## EXERCISE OBJECTIVE
Transcribe the listing in full, excluding any pictures.

## DATA PROVIDED

──────

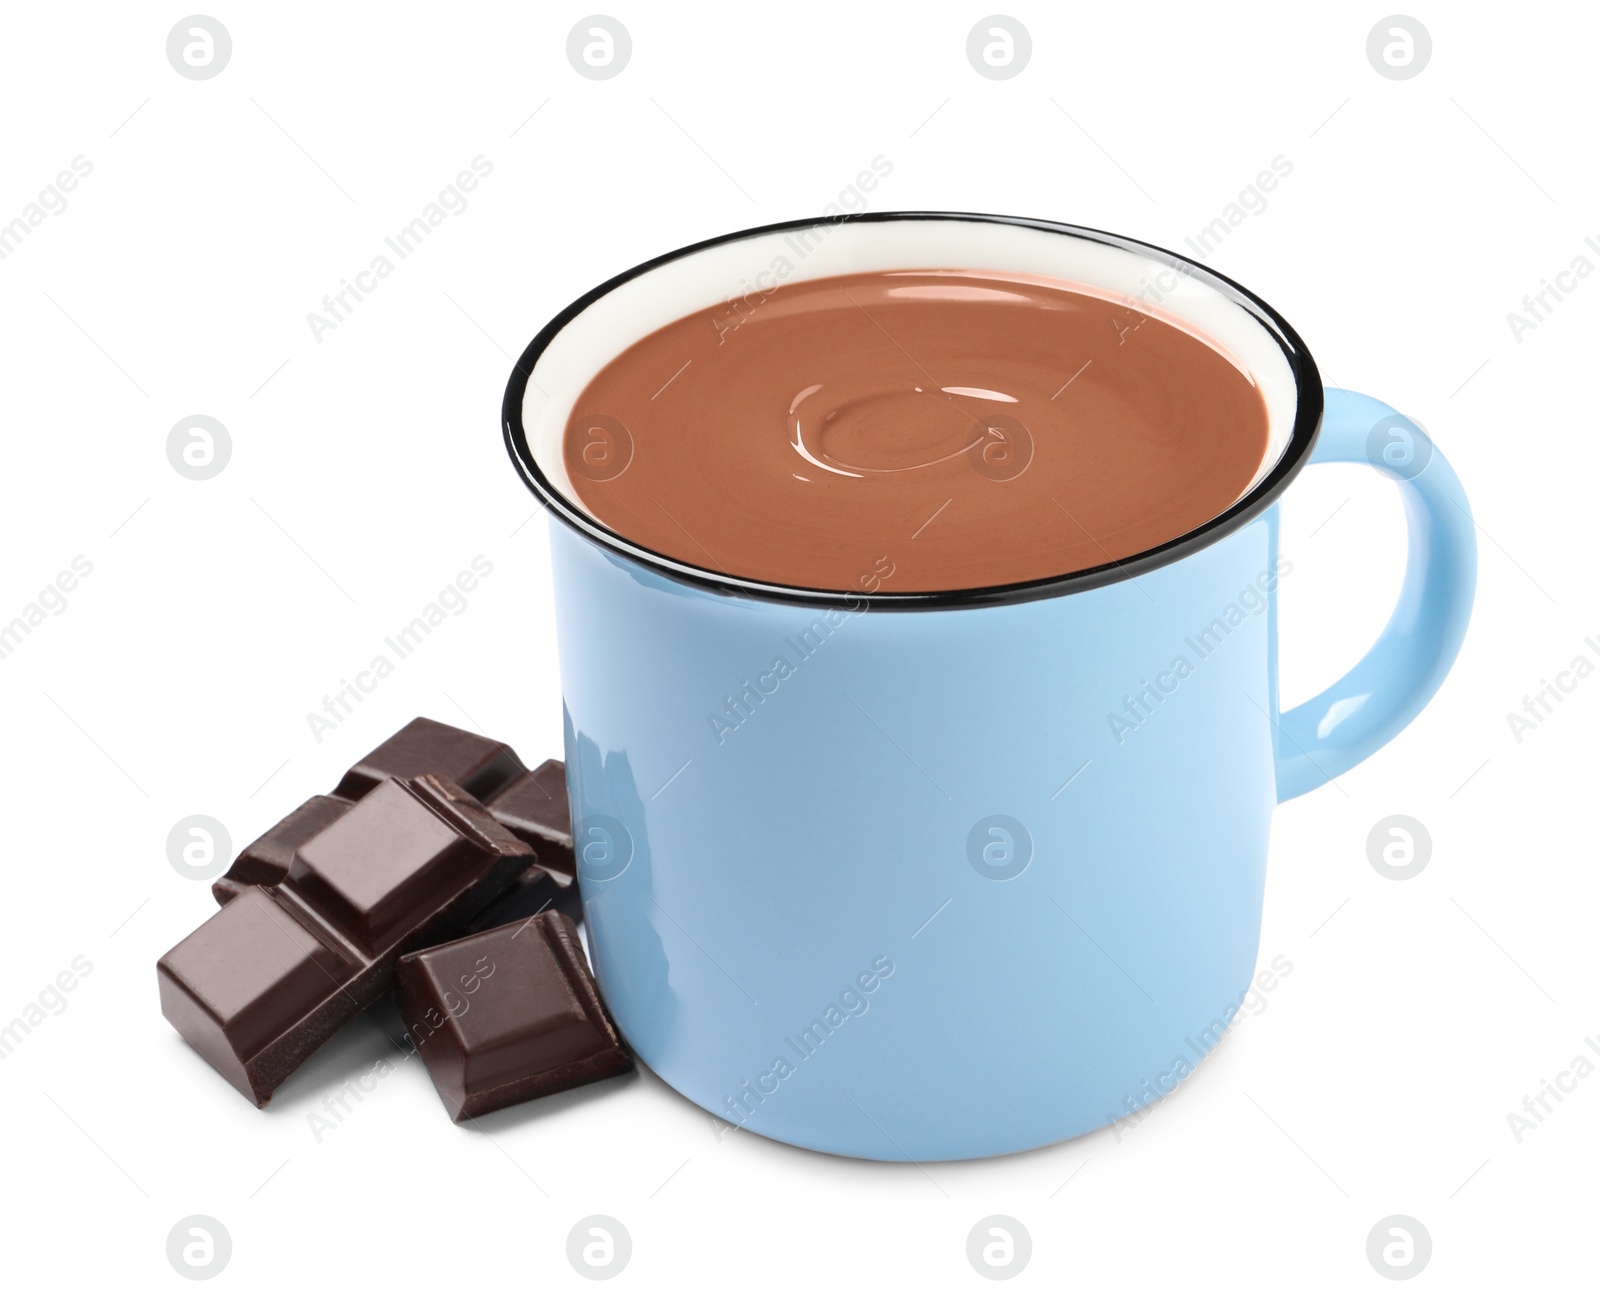 Photo of Yummy hot chocolate in light blue mug on white background
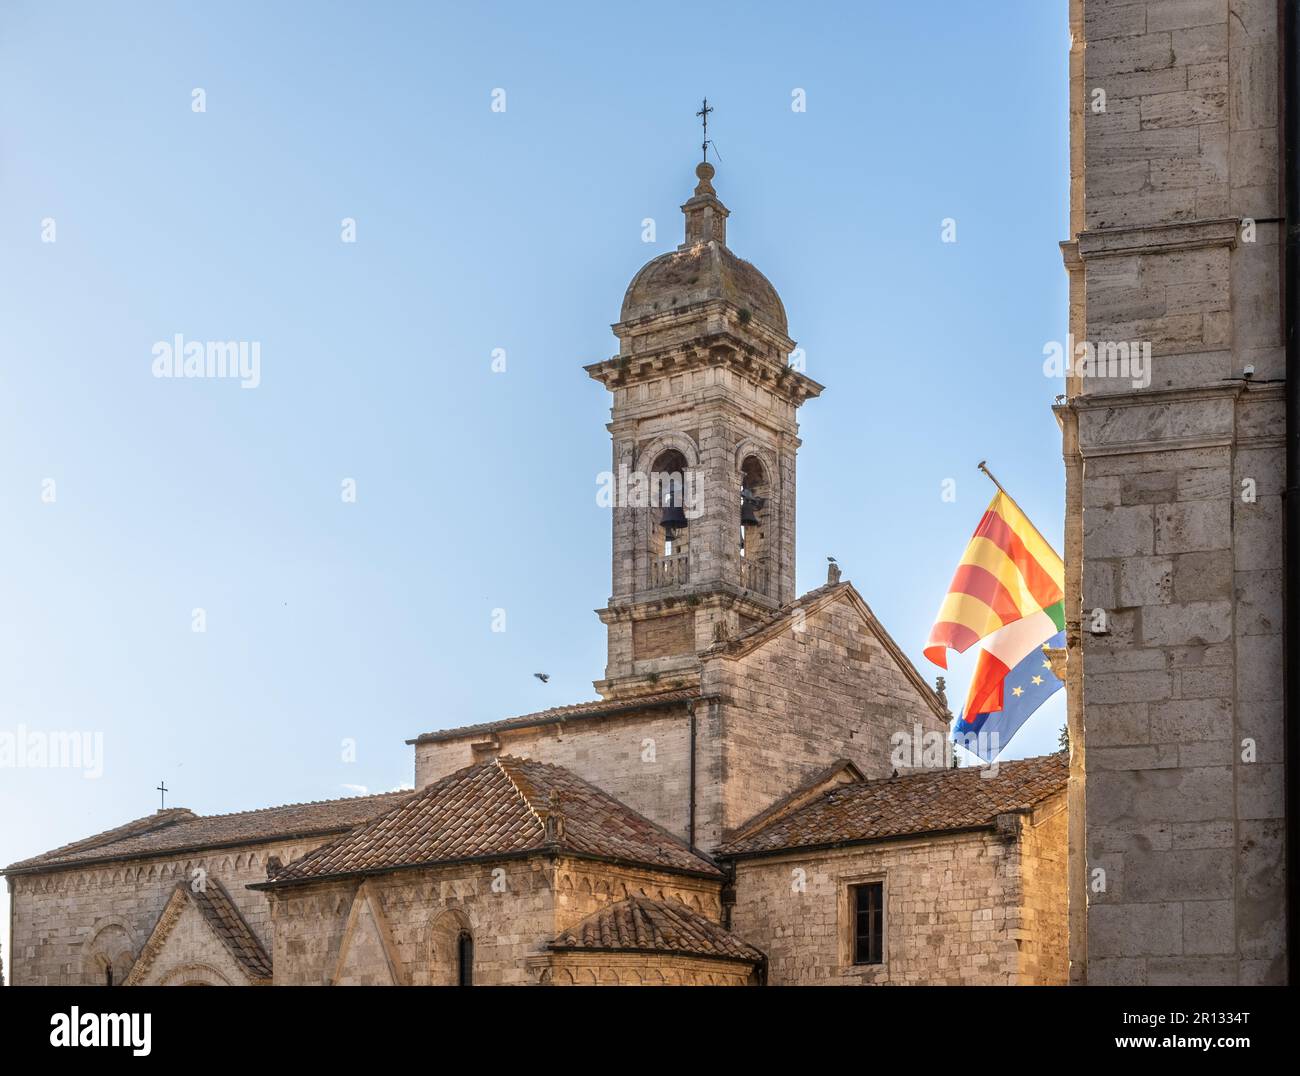 L'église romane historique de San Quirico d'Orcia, région toscane en Italie centrale - Europe Banque D'Images
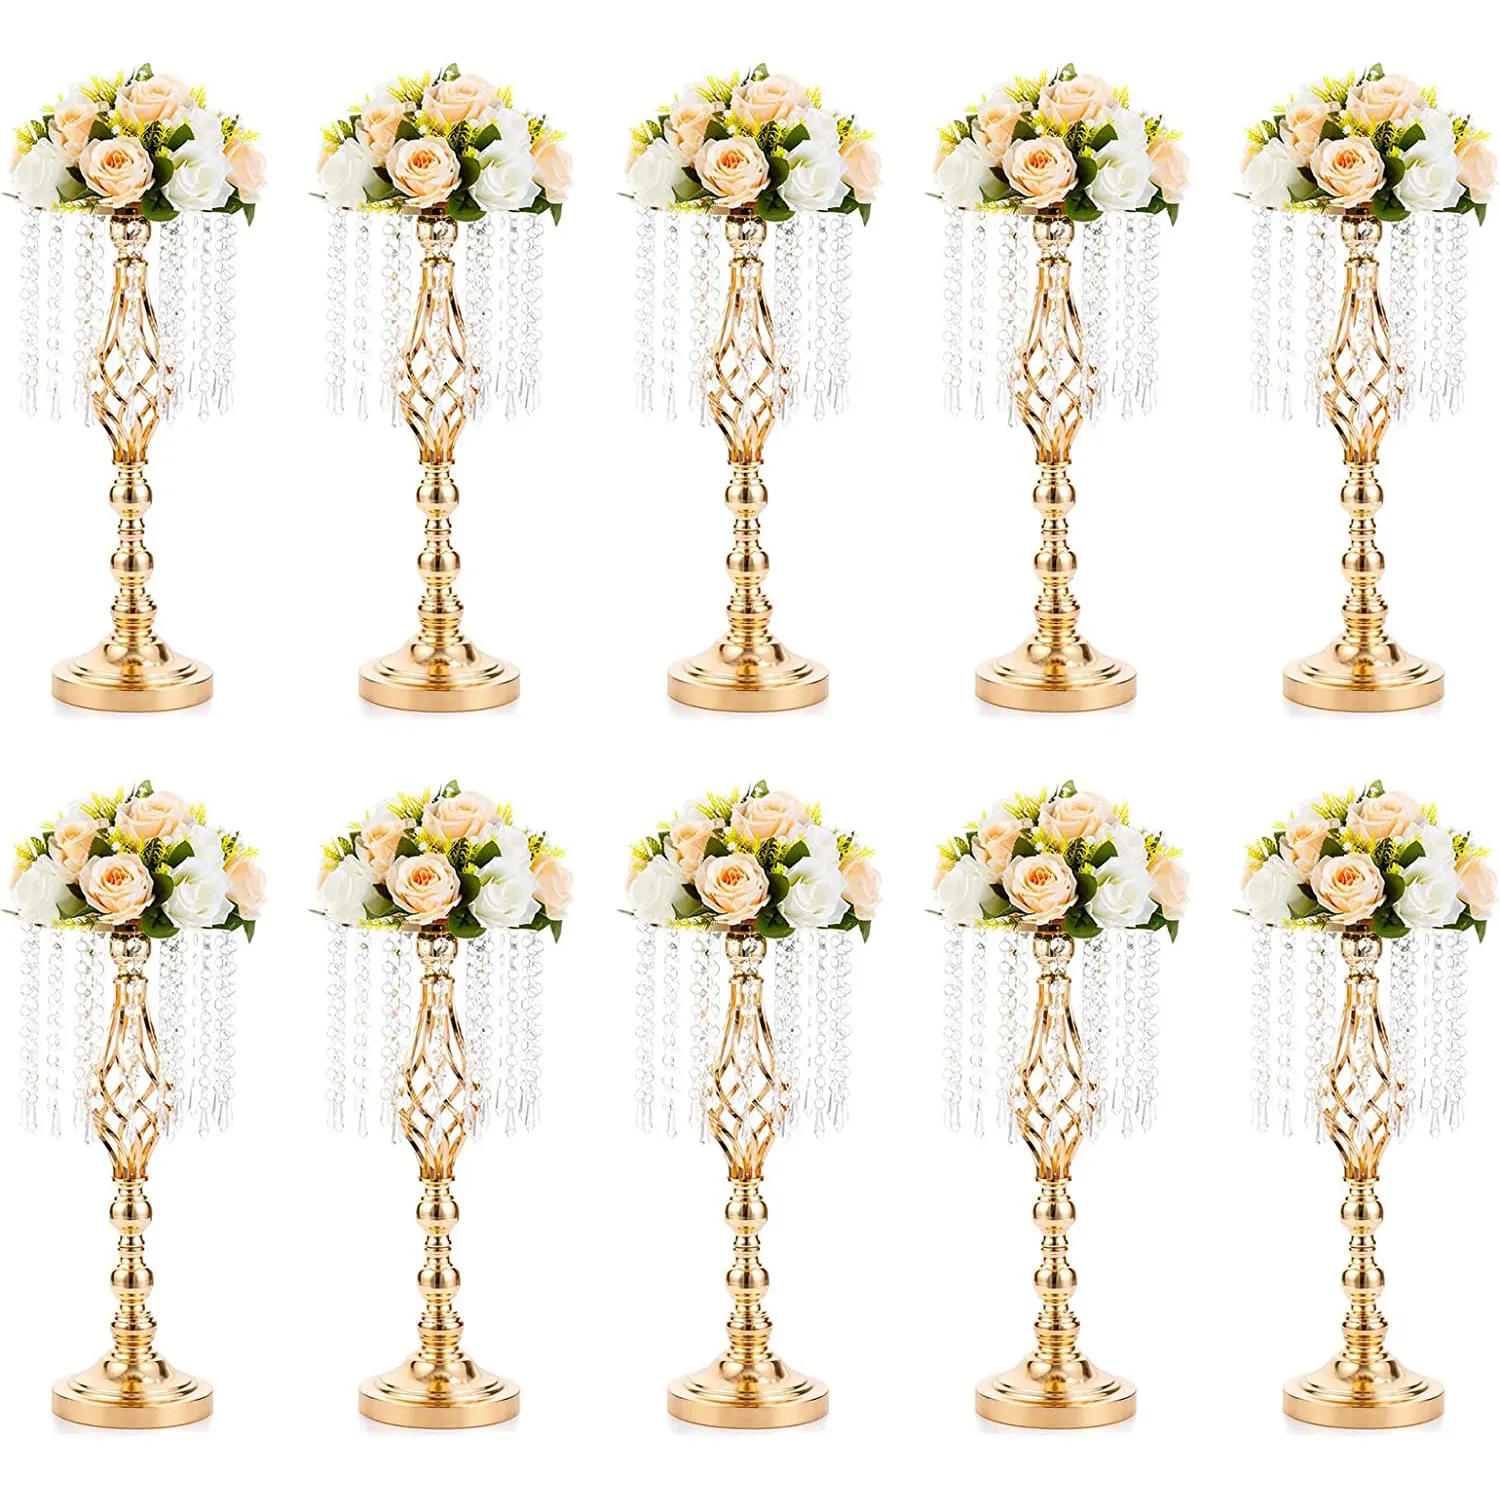 Nicro – centres de Table de fête de mariage, support de fleurs en métal de luxe, cadre de fleurs avec chaîne en cristal pour la décoration de la maison de l'hôtel

──────

## SOLUTION TO THIS EXERCISE
 Photo of Yummy hot chocolate in light blue mug on white background
 L'église romane historique de San Quirico d'Orcia, région toscane en Italie centrale - Europe Banque D'Images
 Nicro – centres de Table de fête de mariage, support de fleurs en métal de luxe, cadre de fleurs avec chaîne en cristal pour la décoration de la maison de l'hôtel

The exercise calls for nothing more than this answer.